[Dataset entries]
▶
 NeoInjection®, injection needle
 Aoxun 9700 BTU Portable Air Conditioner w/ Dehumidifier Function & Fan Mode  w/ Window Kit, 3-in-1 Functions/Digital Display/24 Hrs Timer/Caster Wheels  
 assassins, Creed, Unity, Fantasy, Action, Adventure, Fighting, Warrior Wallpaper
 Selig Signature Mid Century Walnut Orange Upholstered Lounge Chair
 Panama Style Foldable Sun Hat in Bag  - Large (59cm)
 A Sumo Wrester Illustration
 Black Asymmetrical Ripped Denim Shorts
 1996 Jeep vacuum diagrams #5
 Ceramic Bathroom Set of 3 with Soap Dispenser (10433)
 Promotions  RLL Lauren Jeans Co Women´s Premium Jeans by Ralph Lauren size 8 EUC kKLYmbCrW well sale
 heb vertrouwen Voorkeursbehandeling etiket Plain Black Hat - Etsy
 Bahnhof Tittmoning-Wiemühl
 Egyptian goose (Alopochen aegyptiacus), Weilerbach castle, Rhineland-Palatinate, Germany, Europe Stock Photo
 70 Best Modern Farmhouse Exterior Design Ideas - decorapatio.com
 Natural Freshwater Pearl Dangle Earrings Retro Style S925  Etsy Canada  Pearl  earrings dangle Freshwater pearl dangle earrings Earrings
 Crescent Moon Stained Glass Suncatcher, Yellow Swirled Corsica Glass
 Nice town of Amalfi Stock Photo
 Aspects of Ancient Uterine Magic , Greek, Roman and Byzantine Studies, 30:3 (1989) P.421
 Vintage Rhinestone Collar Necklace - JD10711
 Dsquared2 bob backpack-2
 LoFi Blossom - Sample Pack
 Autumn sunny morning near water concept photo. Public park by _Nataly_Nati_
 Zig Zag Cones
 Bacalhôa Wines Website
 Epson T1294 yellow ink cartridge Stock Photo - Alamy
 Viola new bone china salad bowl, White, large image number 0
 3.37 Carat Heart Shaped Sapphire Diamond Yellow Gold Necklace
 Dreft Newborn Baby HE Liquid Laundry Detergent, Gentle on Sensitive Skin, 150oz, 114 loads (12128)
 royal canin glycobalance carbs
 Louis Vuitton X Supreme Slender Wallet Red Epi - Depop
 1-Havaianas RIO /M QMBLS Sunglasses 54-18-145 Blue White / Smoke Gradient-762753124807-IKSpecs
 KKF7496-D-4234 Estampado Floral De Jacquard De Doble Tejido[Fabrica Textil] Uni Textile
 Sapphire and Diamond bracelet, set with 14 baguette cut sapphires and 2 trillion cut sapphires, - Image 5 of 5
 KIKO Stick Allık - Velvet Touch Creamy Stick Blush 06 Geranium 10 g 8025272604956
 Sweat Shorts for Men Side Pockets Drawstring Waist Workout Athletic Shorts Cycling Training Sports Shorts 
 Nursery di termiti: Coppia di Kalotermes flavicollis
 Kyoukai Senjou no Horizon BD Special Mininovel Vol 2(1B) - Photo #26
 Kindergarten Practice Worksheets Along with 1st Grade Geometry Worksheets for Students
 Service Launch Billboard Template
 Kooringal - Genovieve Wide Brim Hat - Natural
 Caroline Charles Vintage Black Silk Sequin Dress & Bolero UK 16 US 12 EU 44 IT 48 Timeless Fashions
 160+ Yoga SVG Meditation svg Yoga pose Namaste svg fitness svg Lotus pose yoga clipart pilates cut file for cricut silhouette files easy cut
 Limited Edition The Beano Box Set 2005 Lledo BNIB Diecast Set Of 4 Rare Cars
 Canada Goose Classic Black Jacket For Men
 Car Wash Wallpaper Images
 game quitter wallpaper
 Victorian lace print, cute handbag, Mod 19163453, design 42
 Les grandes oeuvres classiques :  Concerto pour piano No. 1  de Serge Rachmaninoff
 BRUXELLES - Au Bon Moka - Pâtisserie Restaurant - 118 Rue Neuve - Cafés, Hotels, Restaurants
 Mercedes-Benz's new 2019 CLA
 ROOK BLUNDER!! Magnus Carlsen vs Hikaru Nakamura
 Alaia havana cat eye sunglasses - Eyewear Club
◀
AIM OF THE TASK: Copy every line of the records, leaving nothing out.

RESULT OF THIS TASK:
 NeoInjection®, injection needle
 Aoxun 9700 BTU Portable Air Conditioner w/ Dehumidifier Function & Fan Mode  w/ Window Kit, 3-in-1 Functions/Digital Display/24 Hrs Timer/Caster Wheels  
 assassins, Creed, Unity, Fantasy, Action, Adventure, Fighting, Warrior Wallpaper
 Selig Signature Mid Century Walnut Orange Upholstered Lounge Chair
 Panama Style Foldable Sun Hat in Bag  - Large (59cm)
 A Sumo Wrester Illustration
 Black Asymmetrical Ripped Denim Shorts
 1996 Jeep vacuum diagrams #5
 Ceramic Bathroom Set of 3 with Soap Dispenser (10433)
 Promotions  RLL Lauren Jeans Co Women´s Premium Jeans by Ralph Lauren size 8 EUC kKLYmbCrW well sale
 heb vertrouwen Voorkeursbehandeling etiket Plain Black Hat - Etsy
 Bahnhof Tittmoning-Wiemühl
 Egyptian goose (Alopochen aegyptiacus), Weilerbach castle, Rhineland-Palatinate, Germany, Europe Stock Photo
 70 Best Modern Farmhouse Exterior Design Ideas - decorapatio.com
 Natural Freshwater Pearl Dangle Earrings Retro Style S925  Etsy Canada  Pearl  earrings dangle Freshwater pearl dangle earrings Earrings
 Crescent Moon Stained Glass Suncatcher, Yellow Swirled Corsica Glass
 Nice town of Amalfi Stock Photo
 Aspects of Ancient Uterine Magic , Greek, Roman and Byzantine Studies, 30:3 (1989) P.421
 Vintage Rhinestone Collar Necklace - JD10711
 Dsquared2 bob backpack-2
 LoFi Blossom - Sample Pack
 Autumn sunny morning near water concept photo. Public park by _Nataly_Nati_
 Zig Zag Cones
 Bacalhôa Wines Website
 Epson T1294 yellow ink cartridge Stock Photo - Alamy
 Viola new bone china salad bowl, White, large image number 0
 3.37 Carat Heart Shaped Sapphire Diamond Yellow Gold Necklace
 Dreft Newborn Baby HE Liquid Laundry Detergent, Gentle on Sensitive Skin, 150oz, 114 loads (12128)
 royal canin glycobalance carbs
 Louis Vuitton X Supreme Slender Wallet Red Epi - Depop
 1-Havaianas RIO /M QMBLS Sunglasses 54-18-145 Blue White / Smoke Gradient-762753124807-IKSpecs
 KKF7496-D-4234 Estampado Floral De Jacquard De Doble Tejido[Fabrica Textil] Uni Textile
 Sapphire and Diamond bracelet, set with 14 baguette cut sapphires and 2 trillion cut sapphires, - Image 5 of 5
 KIKO Stick Allık - Velvet Touch Creamy Stick Blush 06 Geranium 10 g 8025272604956
 Sweat Shorts for Men Side Pockets Drawstring Waist Workout Athletic Shorts Cycling Training Sports Shorts 
 Nursery di termiti: Coppia di Kalotermes flavicollis
 Kyoukai Senjou no Horizon BD Special Mininovel Vol 2(1B) - Photo #26
 Kindergarten Practice Worksheets Along with 1st Grade Geometry Worksheets for Students
 Service Launch Billboard Template
 Kooringal - Genovieve Wide Brim Hat - Natural
 Caroline Charles Vintage Black Silk Sequin Dress & Bolero UK 16 US 12 EU 44 IT 48 Timeless Fashions
 160+ Yoga SVG Meditation svg Yoga pose Namaste svg fitness svg Lotus pose yoga clipart pilates cut file for cricut silhouette files easy cut
 Limited Edition The Beano Box Set 2005 Lledo BNIB Diecast Set Of 4 Rare Cars
 Canada Goose Classic Black Jacket For Men
 Car Wash Wallpaper Images
 game quitter wallpaper
 Victorian lace print, cute handbag, Mod 19163453, design 42
 Les grandes oeuvres classiques :  Concerto pour piano No. 1  de Serge Rachmaninoff
 BRUXELLES - Au Bon Moka - Pâtisserie Restaurant - 118 Rue Neuve - Cafés, Hotels, Restaurants
 Mercedes-Benz's new 2019 CLA
 ROOK BLUNDER!! Magnus Carlsen vs Hikaru Nakamura
 Alaia havana cat eye sunglasses - Eyewear Club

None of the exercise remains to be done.